- Born: Munshiganj, Dacca Division, Bangladesh
- Allegiance: Bangladesh
- Branch: Bangladesh Army
- Service years: 1991 - present
- Rank: Major General
- Unit: Regiment of Artillery
- Commands: MGO at Army Headquarters; Director General of Bangladesh Institute of International and Strategic Studies; Commander of 6th Independent Air Defence Artillery Brigade;
- Education: Bangladesh Military Academy

= Abu Bakr Siddique Khan =

Bangladeshi military personnel

Abu Bakar Siddique Khan (আবু বকর সিদ্দিক খাঁন) is a two-star officer and the incumbent master general of the ordnance of the Bangladesh Army. He is the former director general of the Bangladesh Institute of International and Strategic Studies. Khan is also the pioneer colonel commandant of the Air Defence Corps.

== Early life and education ==
Khan was born in Munshiganj, Bangladesh. After finishing high school, he enlisted in the Bangladesh Military Academy in 1989 and was commissioned with the 25th BMA long course in the regiment of artillery in December 1991. Khan is a graduate of the Defence Services Command and Staff College, the National Defence College, and the Armed Forces War College. Khan also obtained his gunnery staff course on air defence from the Pakistan Army School of Artillery at Nowshera, Pakistan.

== Military career ==
Khan instructed at the Artillery Centre and School and the Defence Services Command and Staff College. He commanded one air defence regiment, one air defence battery and was the general staff officer (grade-1) of the 66th Infantry Division at Rangpur Cantonment. Khan was also the deputy director of artillery directorate in army headquarters. He was promoted to brigadier general in 2017 and commanded the independent air defence artillery brigade at Mirpur Cantonment.

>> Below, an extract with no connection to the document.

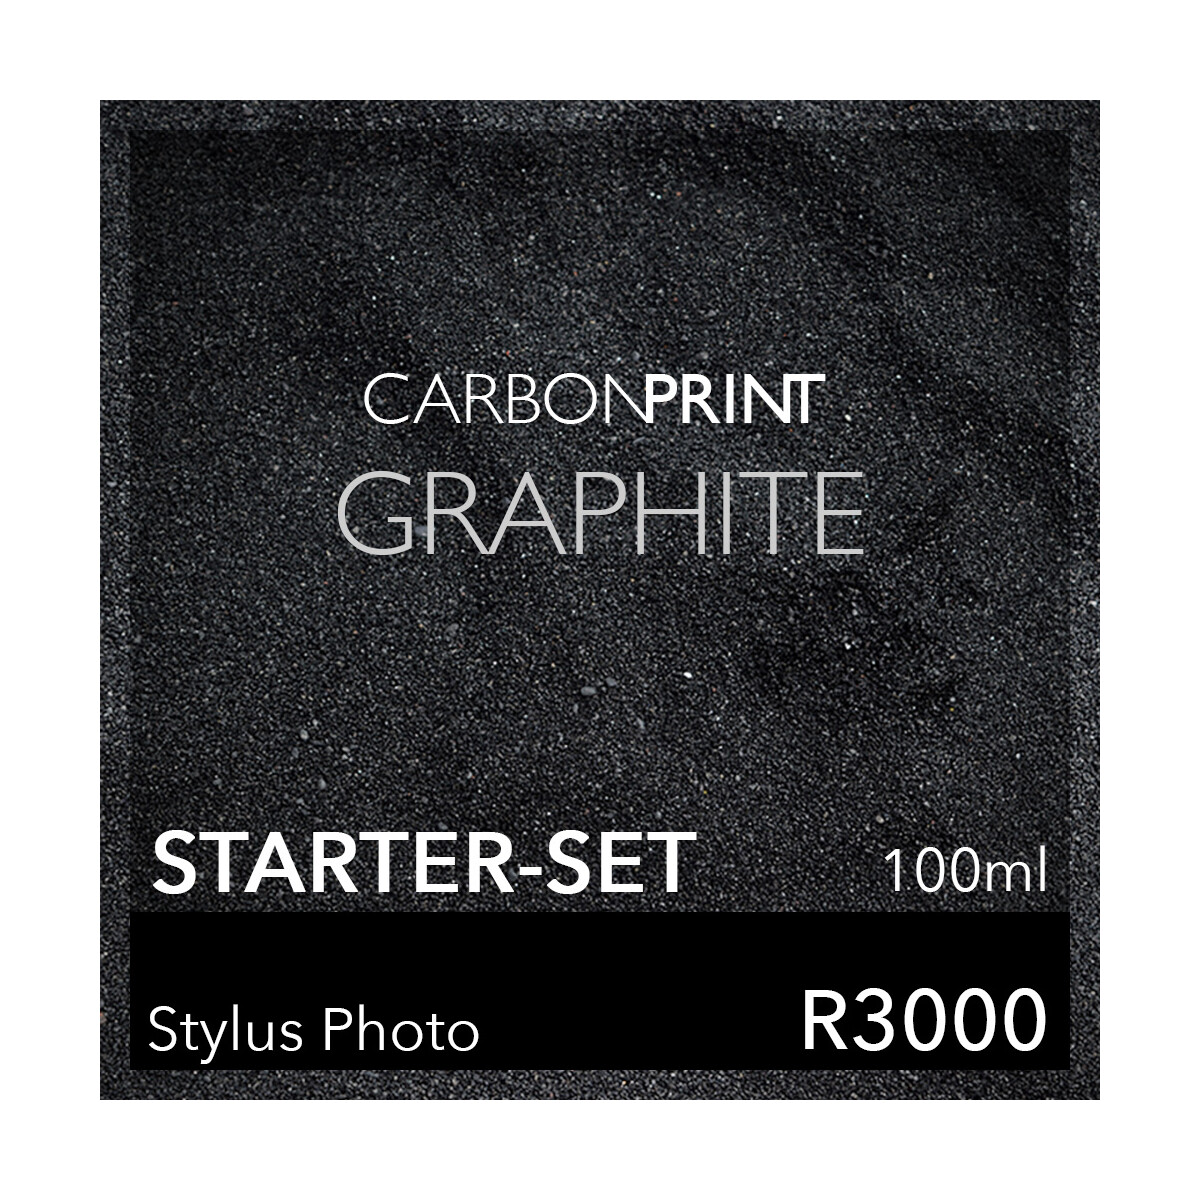 Starter-Set Carbonprint Graphite für Photo R3000...

Khan furthermore served as one of the directors of the Armed Forces War College. He was promoted to major general in April 2024 and appointed as director general of the Bangladesh Institute of International and Strategic Studies. He returned to army headquarters in September 2024 and was designated as the master general of ordnance. On 28 October 2025, Khan was made the first colonel commandant of the air defence corps.